SEQanswers

Go Back   SEQanswers > Bioinformatics > Bioinformatics



Similar Threads
Thread Thread Starter Forum Replies Last Post
LSC - a fast PacBio long read error correction tool. LSC Pacific Biosciences 55 02-14-2014 06:34 AM
Beg for latest version of SOAPdenovo correction tool before assembly zhongj Illumina/Solexa 2 02-26-2012 06:56 PM
Fast and accurate long read alignment with Burrows-Wheeler transform. nilshomer Literature Watch 1 01-28-2010 10:38 PM
BFAST and read error correction (with SAET or similar tool) javijevi Bioinformatics 4 01-27-2010 01:46 PM

Reply
 
Thread Tools
Old 07-30-2012, 01:35 PM   #1
LSC
Member
 
Location: stanford

Join Date: Jul 2012
Posts: 24
Smile LSC - a fast PacBio long read error correction tool.

Hello SEQanswers Community,

Further Info: http://www.stanford.edu/~kinfai/LSC/LSC.html

We at the Wong Lab have developed a new tool for error correction of PacBio data. It has been shown to be very sensitive and can improve PacBio reads to 5% error rate. In particular, it is very very fast. In total, it only takes 10 hours (8 threading) for ~ 200k subreads.

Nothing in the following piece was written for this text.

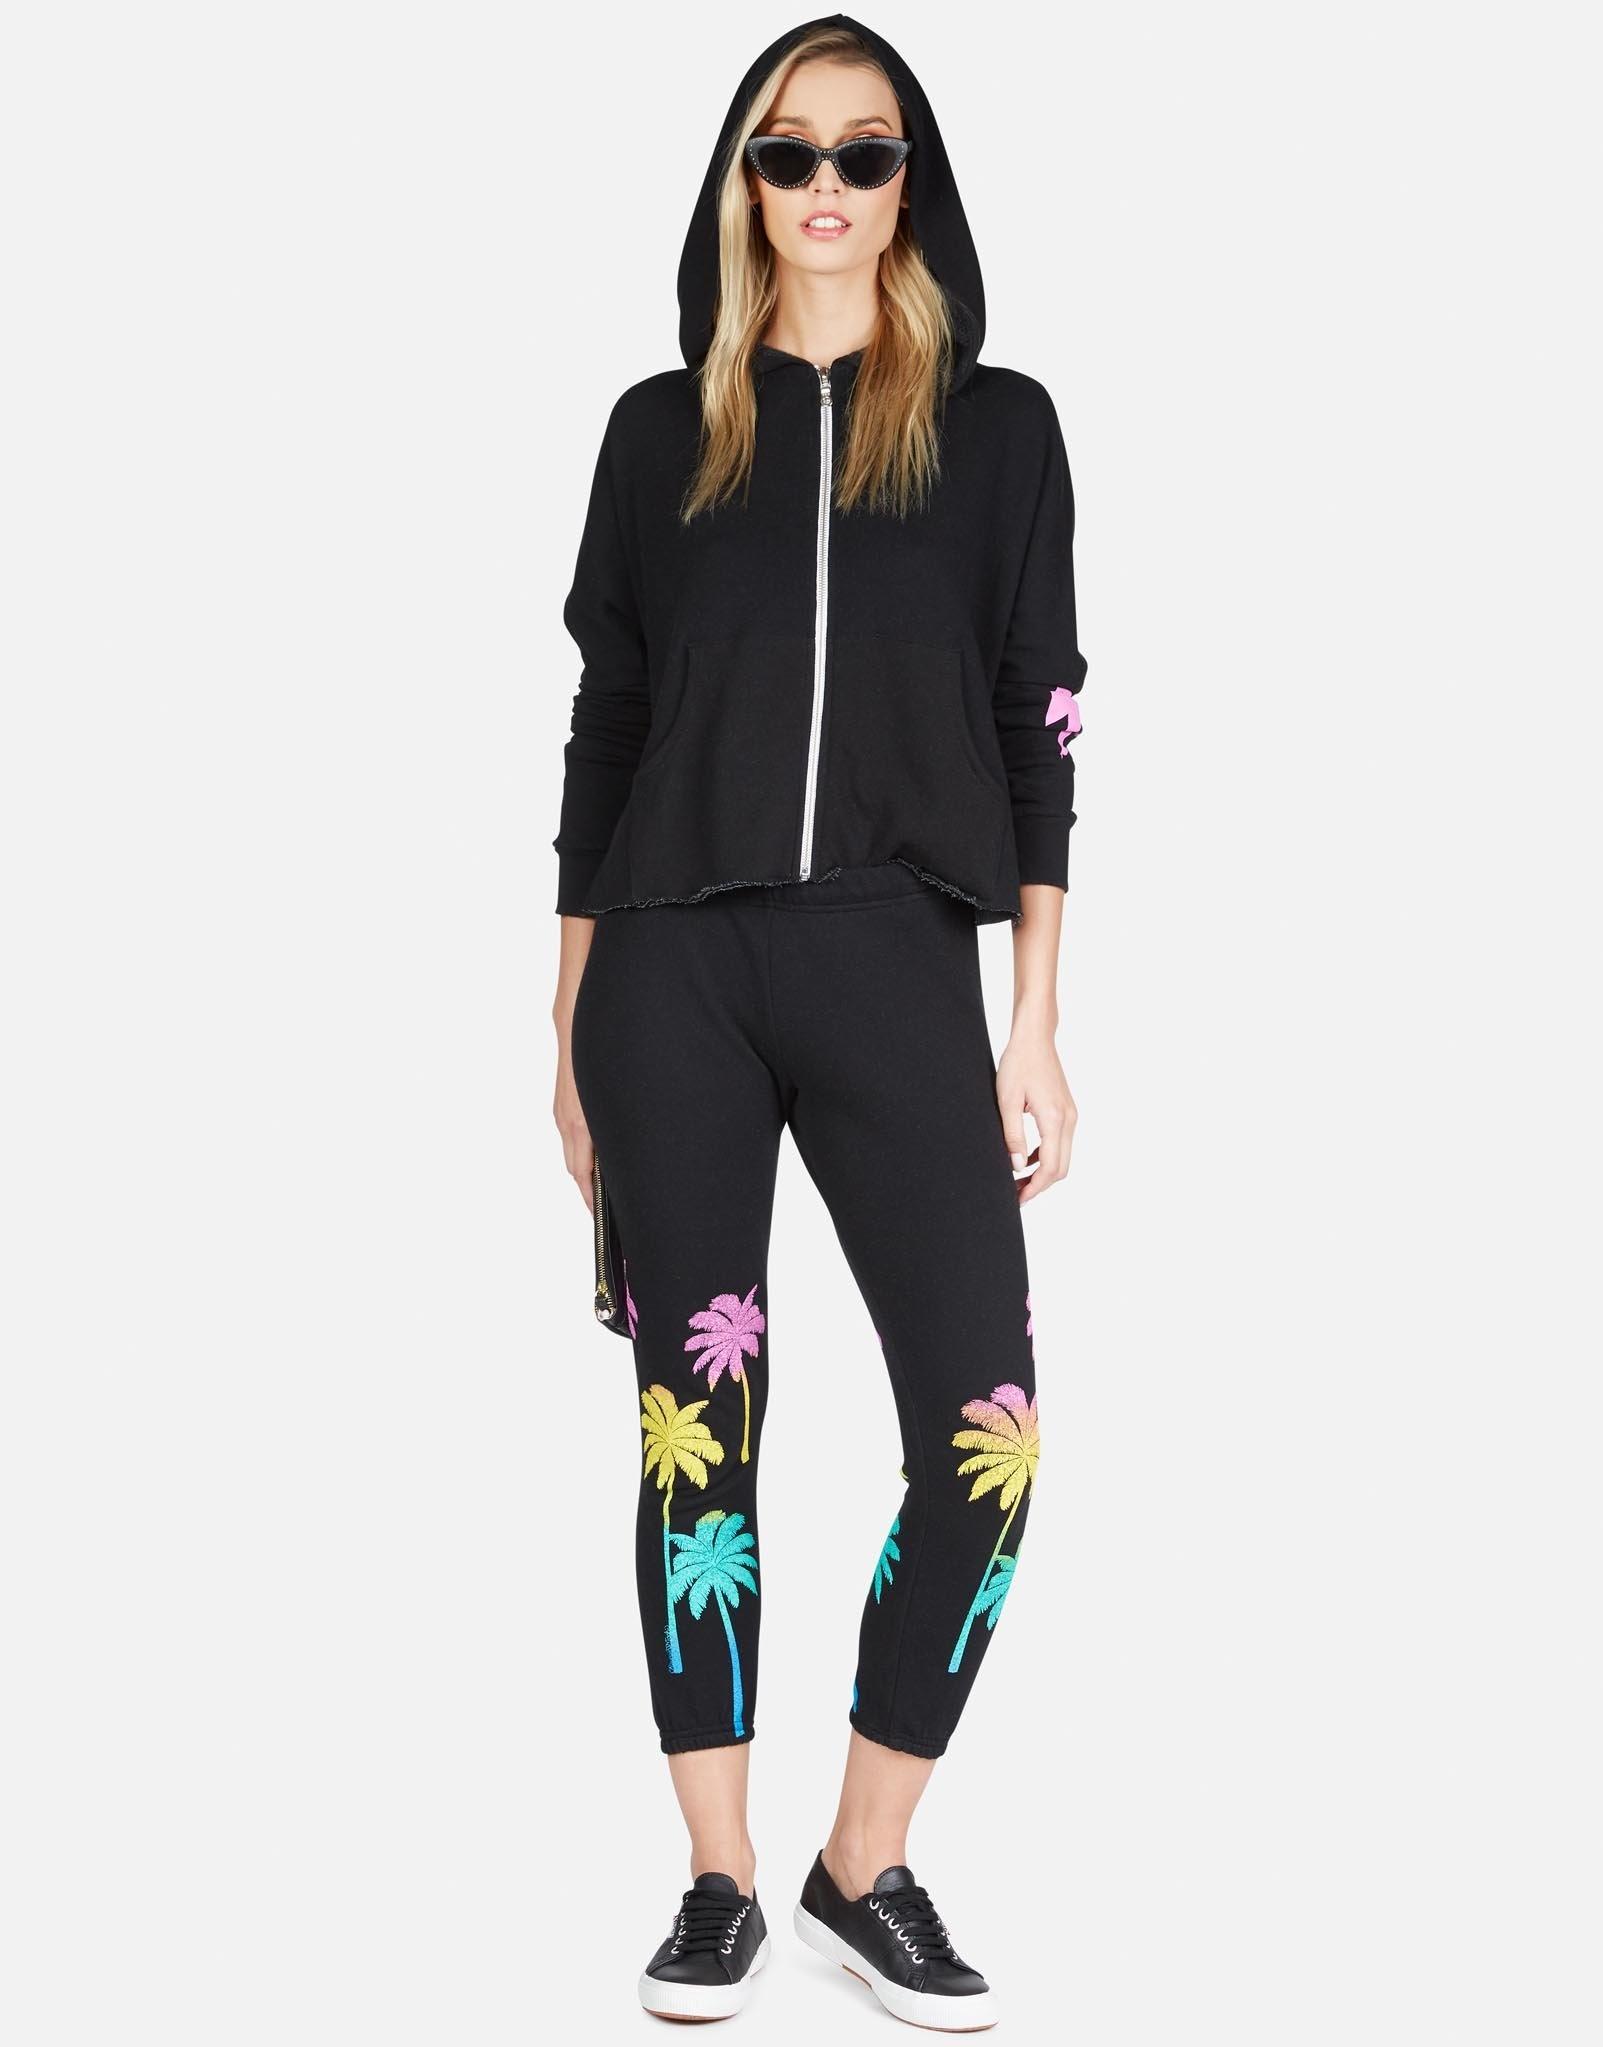 Lauren Moshi Alana Crop Sweatpant - Neon Palm Trees

And it only needs 10-15G hardisk space for temporary files.

In it's current form it supports PacBio reads and any type of short reads (from any NGS platforms). In the current version, you may need novoalign (single-thread version, free for academic community).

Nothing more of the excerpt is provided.